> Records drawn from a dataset
⁂
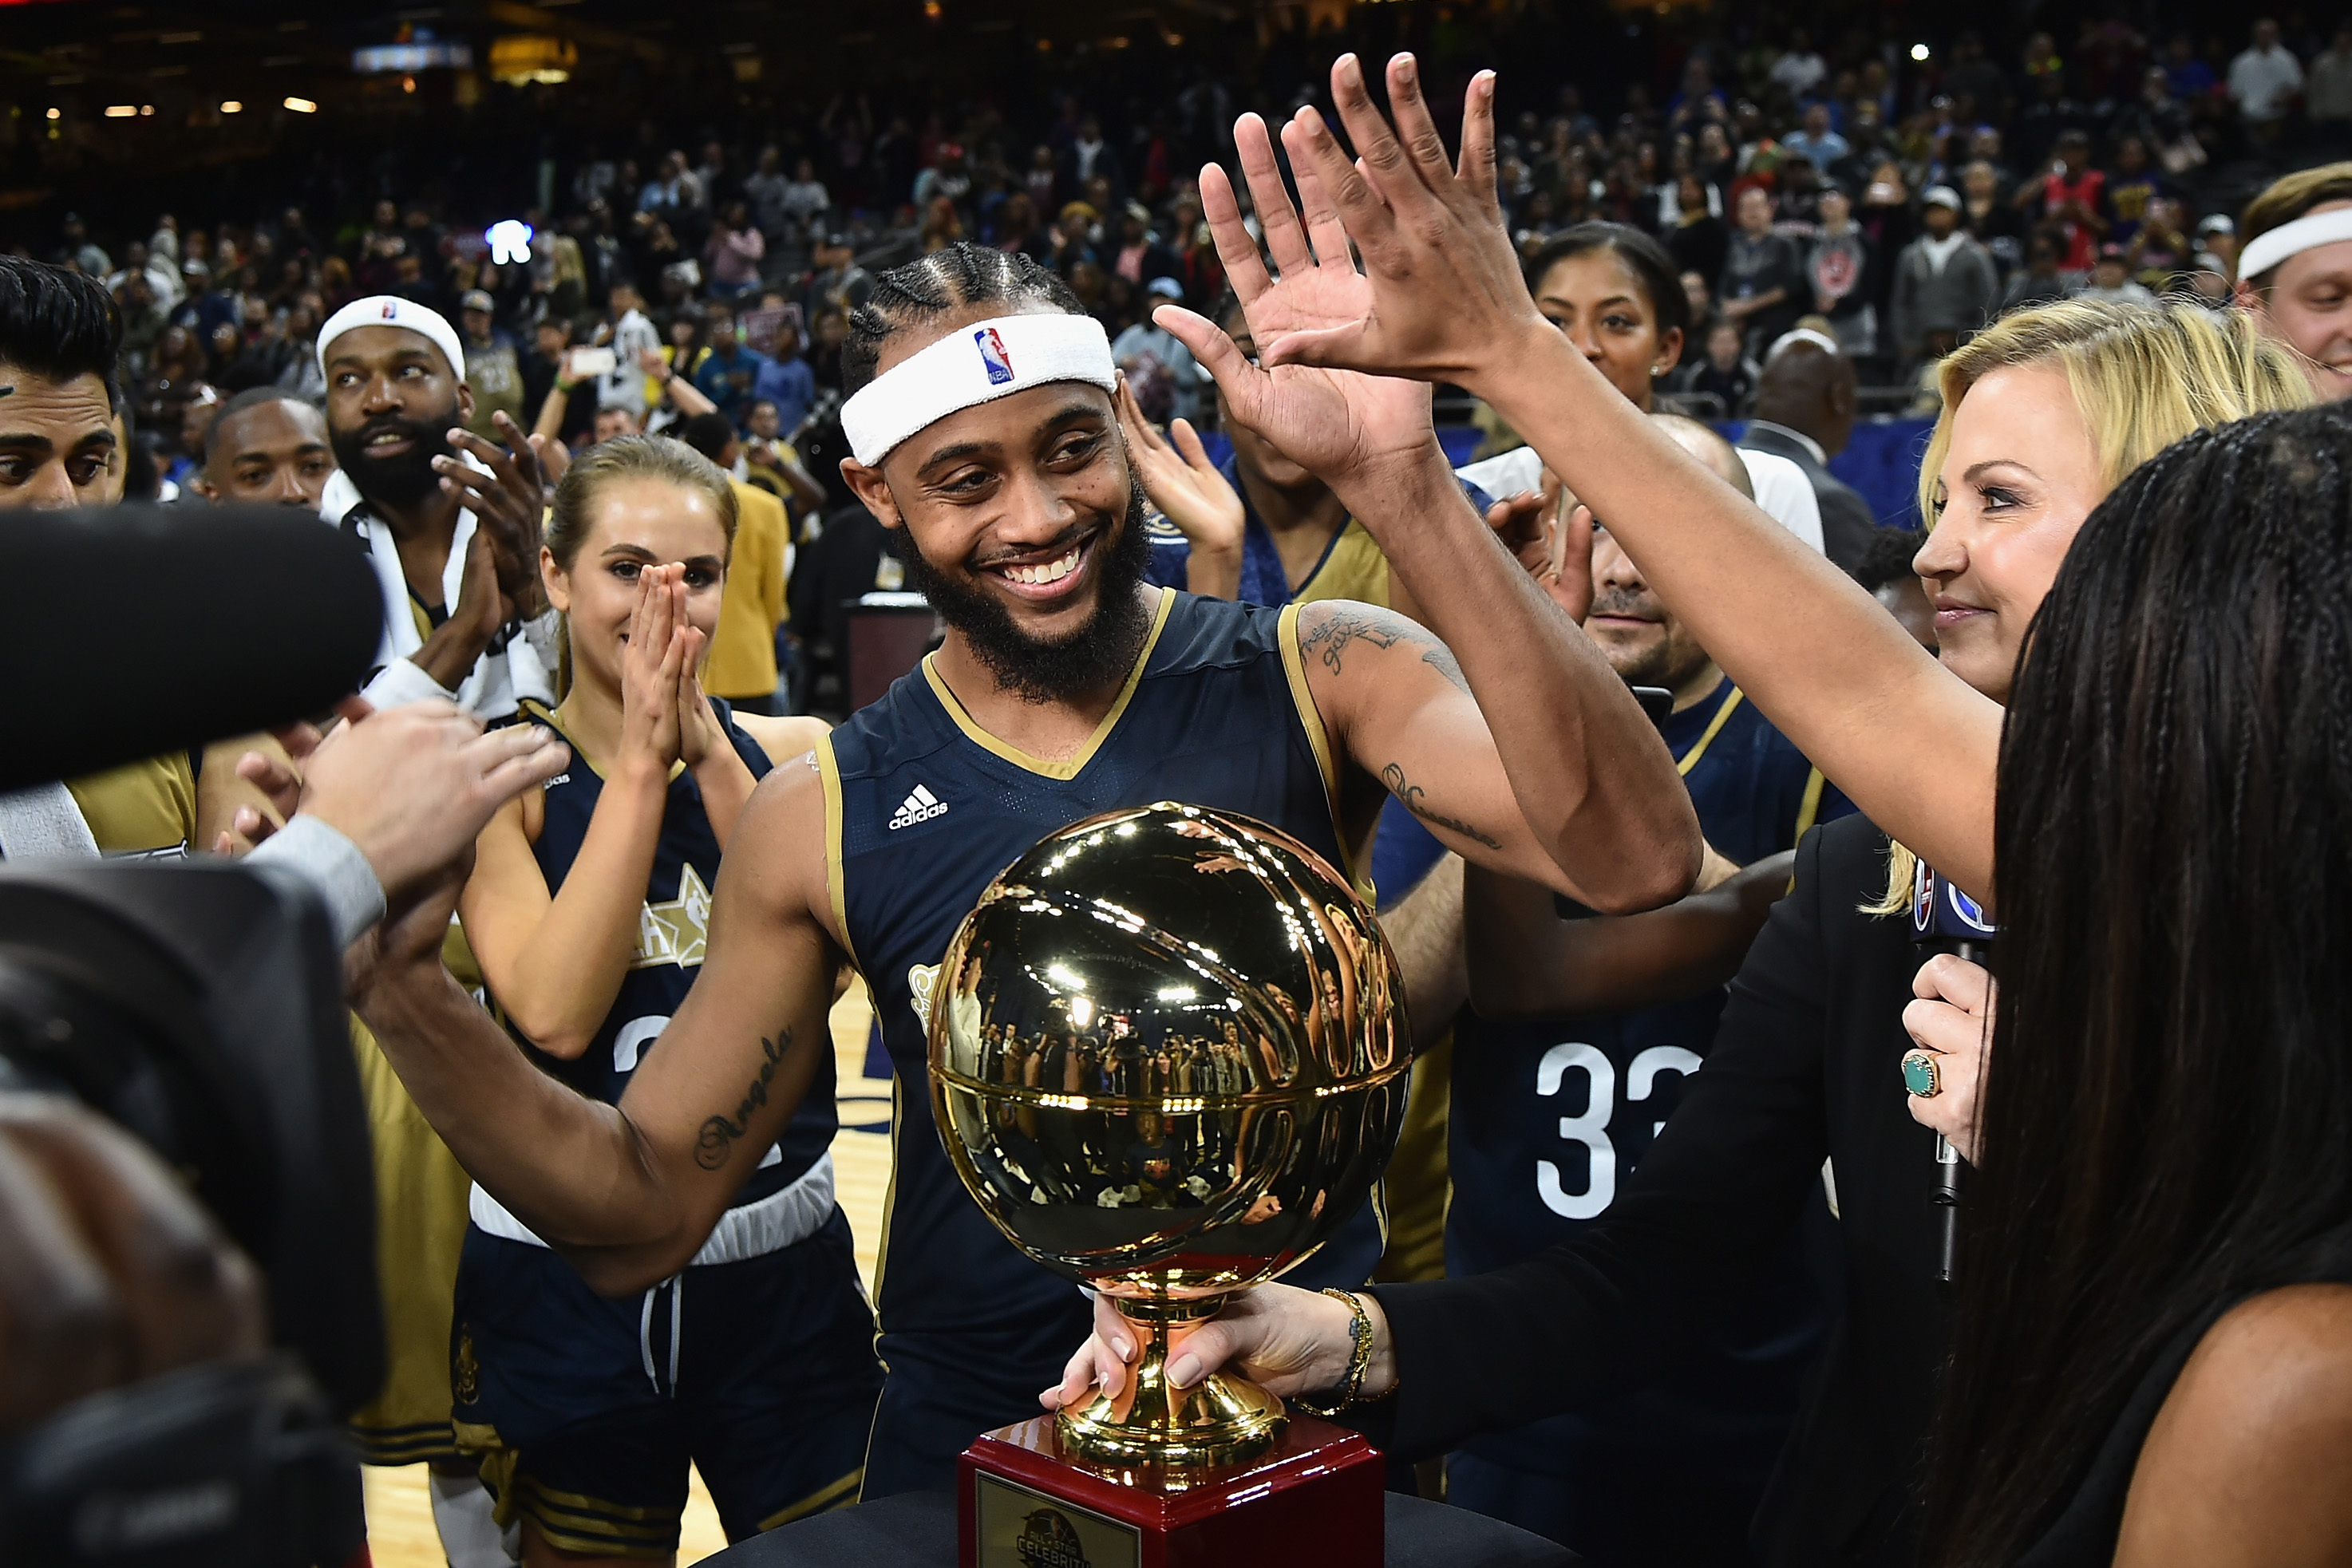 NBA All-Star Celebrity Game 2018 recap: Highlights, reactions
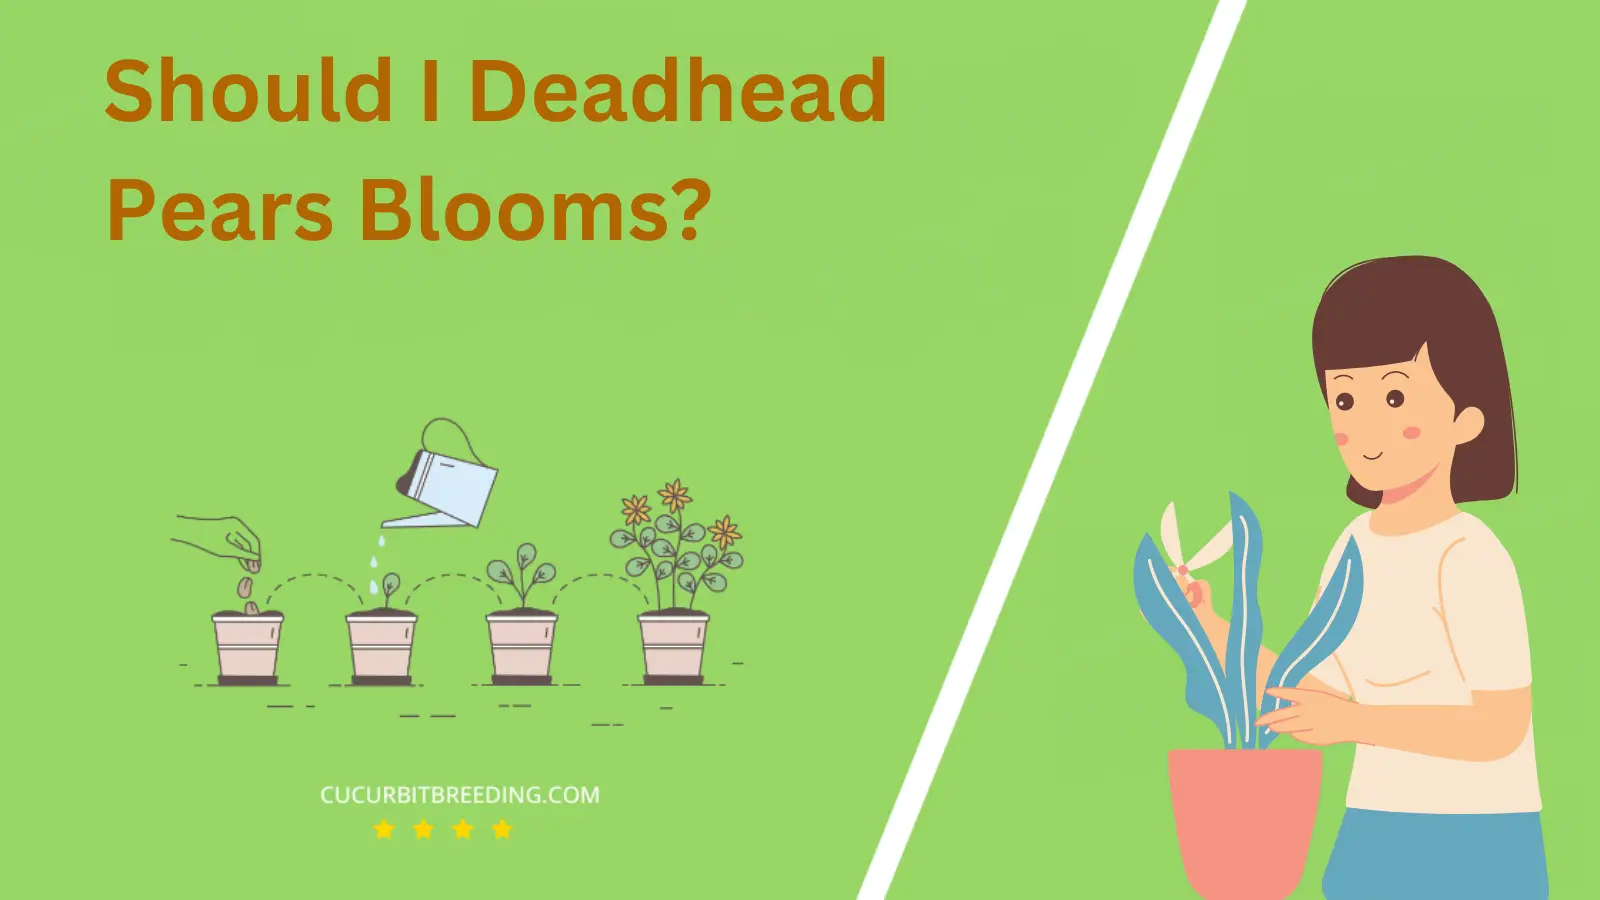 Should I Deadhead Pears Blooms?
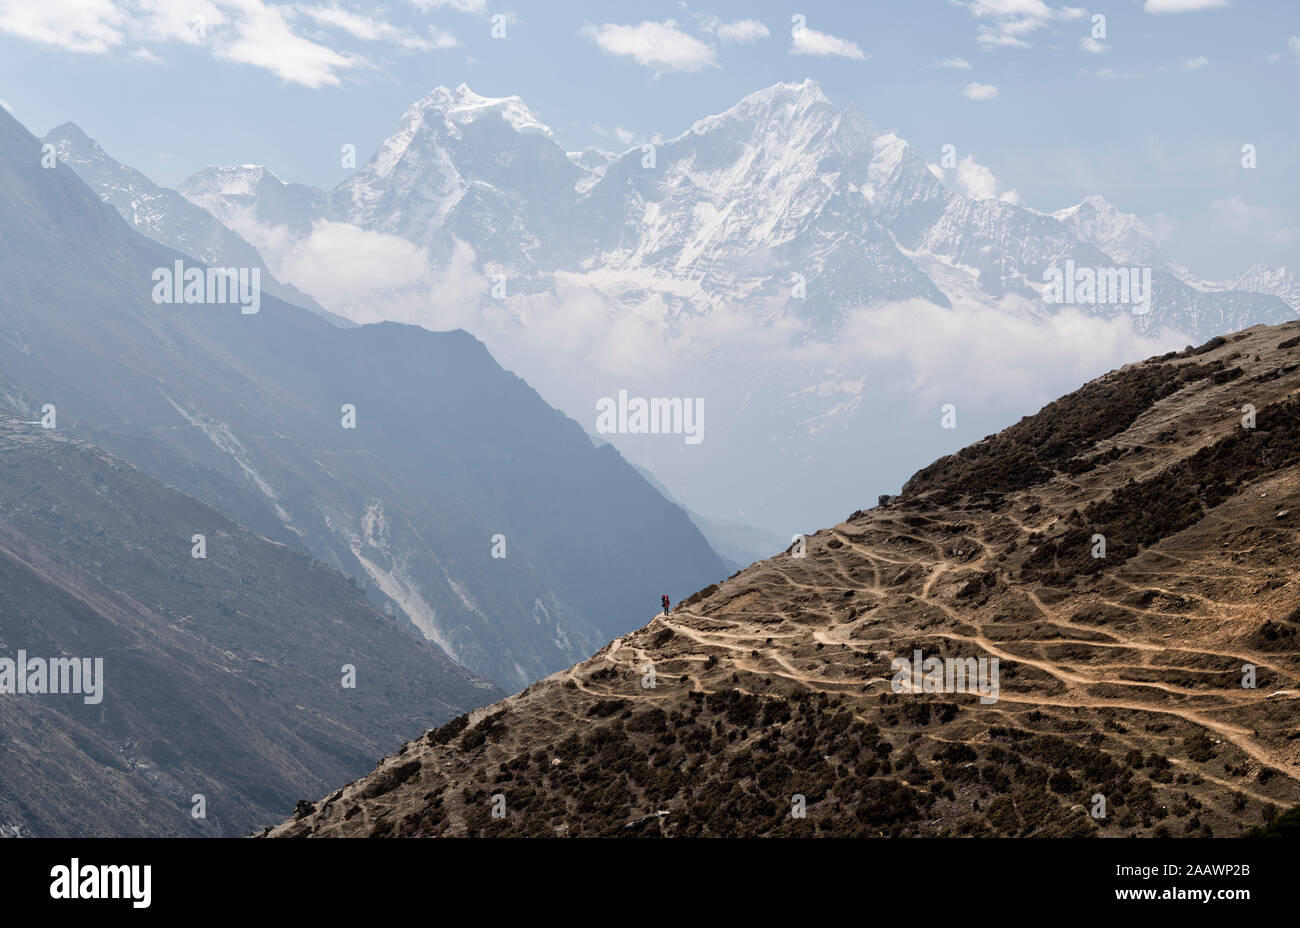 People trekking in the Himalayas near Machhermo, Solo Khumbu, Nepal Stock Photo
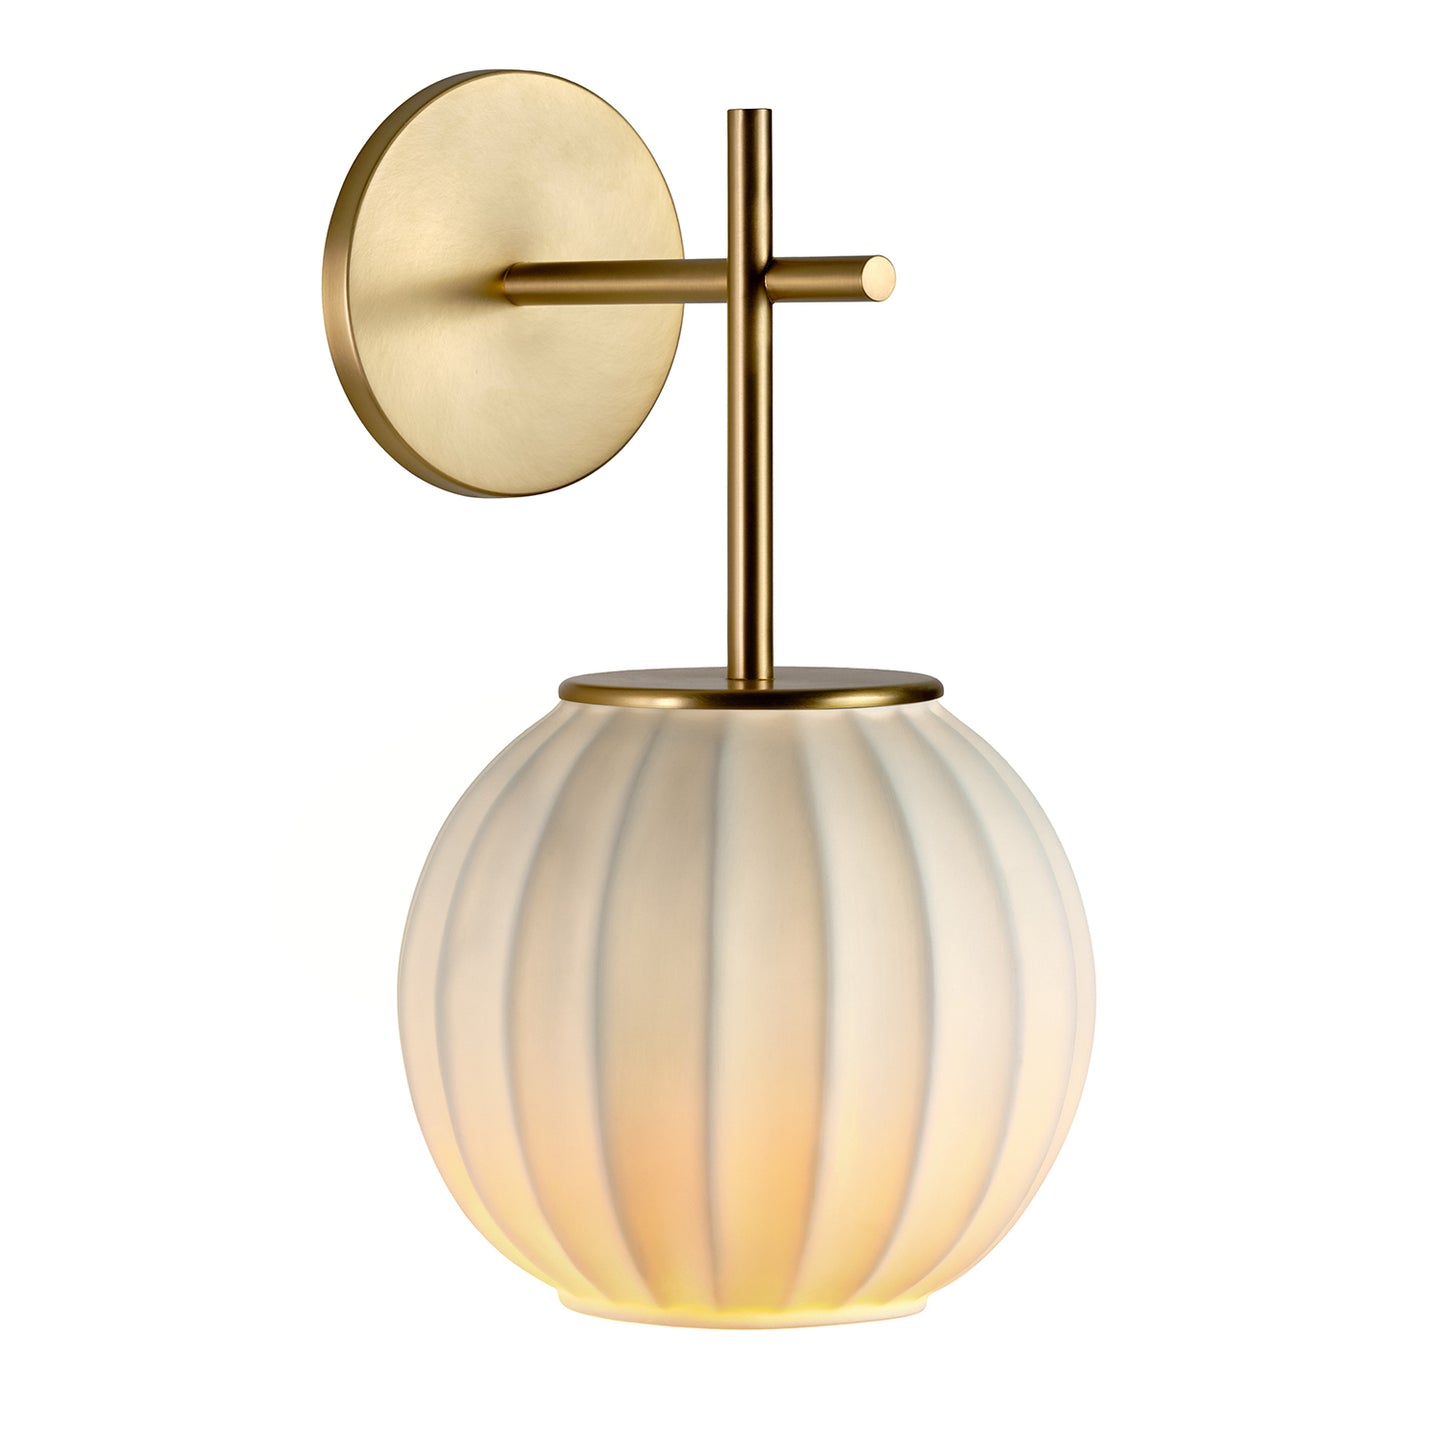 Elegant Porcelain Wall Lamp - Mei by Carpyen - Gold Finish
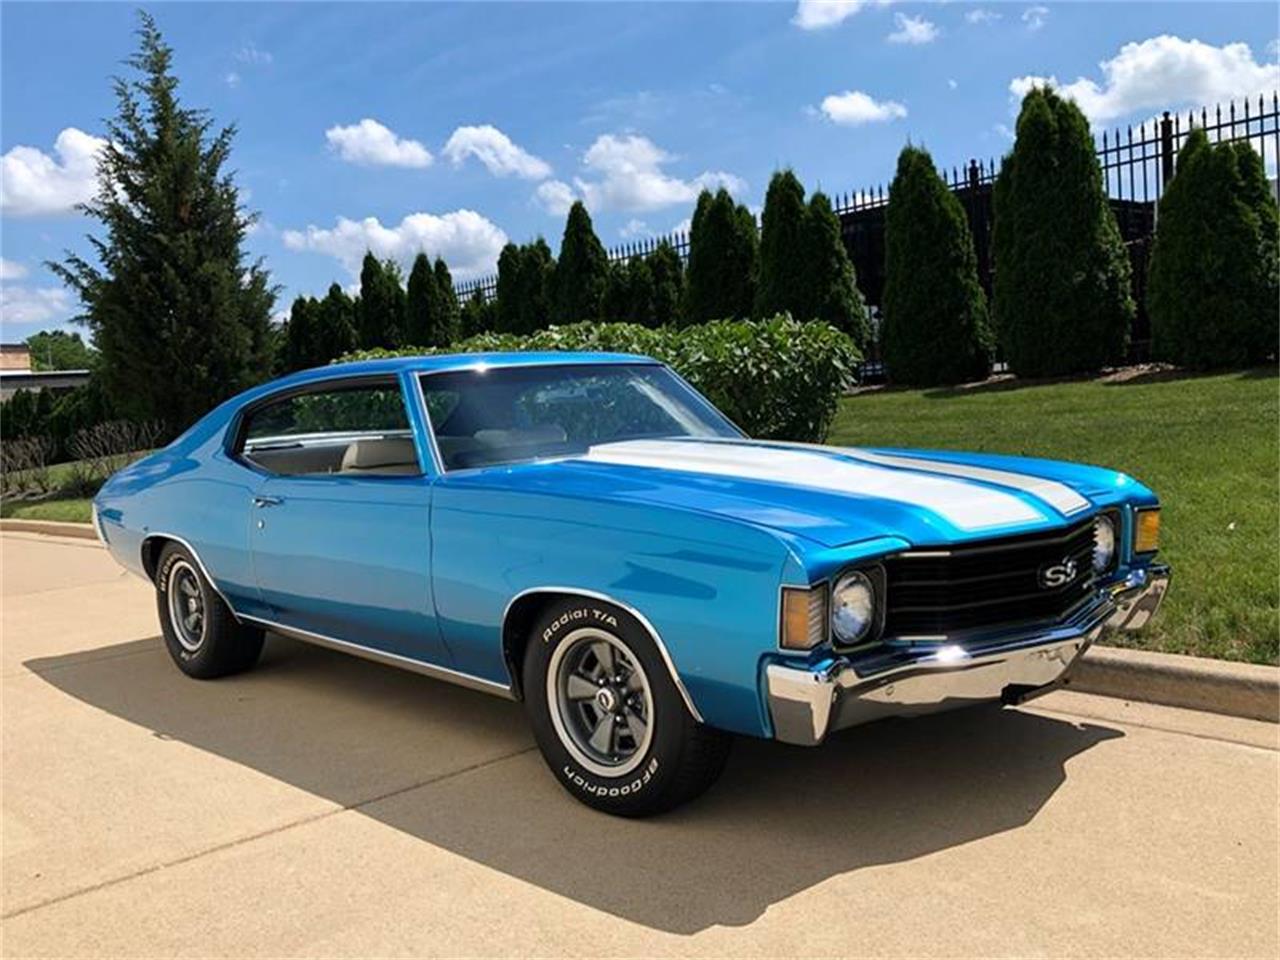 For Sale: 1972 Chevrolet Chevelle in Burr Ridge, Illinois.
⁂
> What to do
The data above should be set down again exactly, with the pictures omitted.

> Task solution
 NBA All-Star Celebrity Game 2018 recap: Highlights, reactions
 Should I Deadhead Pears Blooms?
 People trekking in the Himalayas near Machhermo, Solo Khumbu, Nepal Stock Photo
 Elegant Porcelain Wall Lamp - Mei by Carpyen - Gold Finish
 For Sale: 1972 Chevrolet Chevelle in Burr Ridge, Illinois.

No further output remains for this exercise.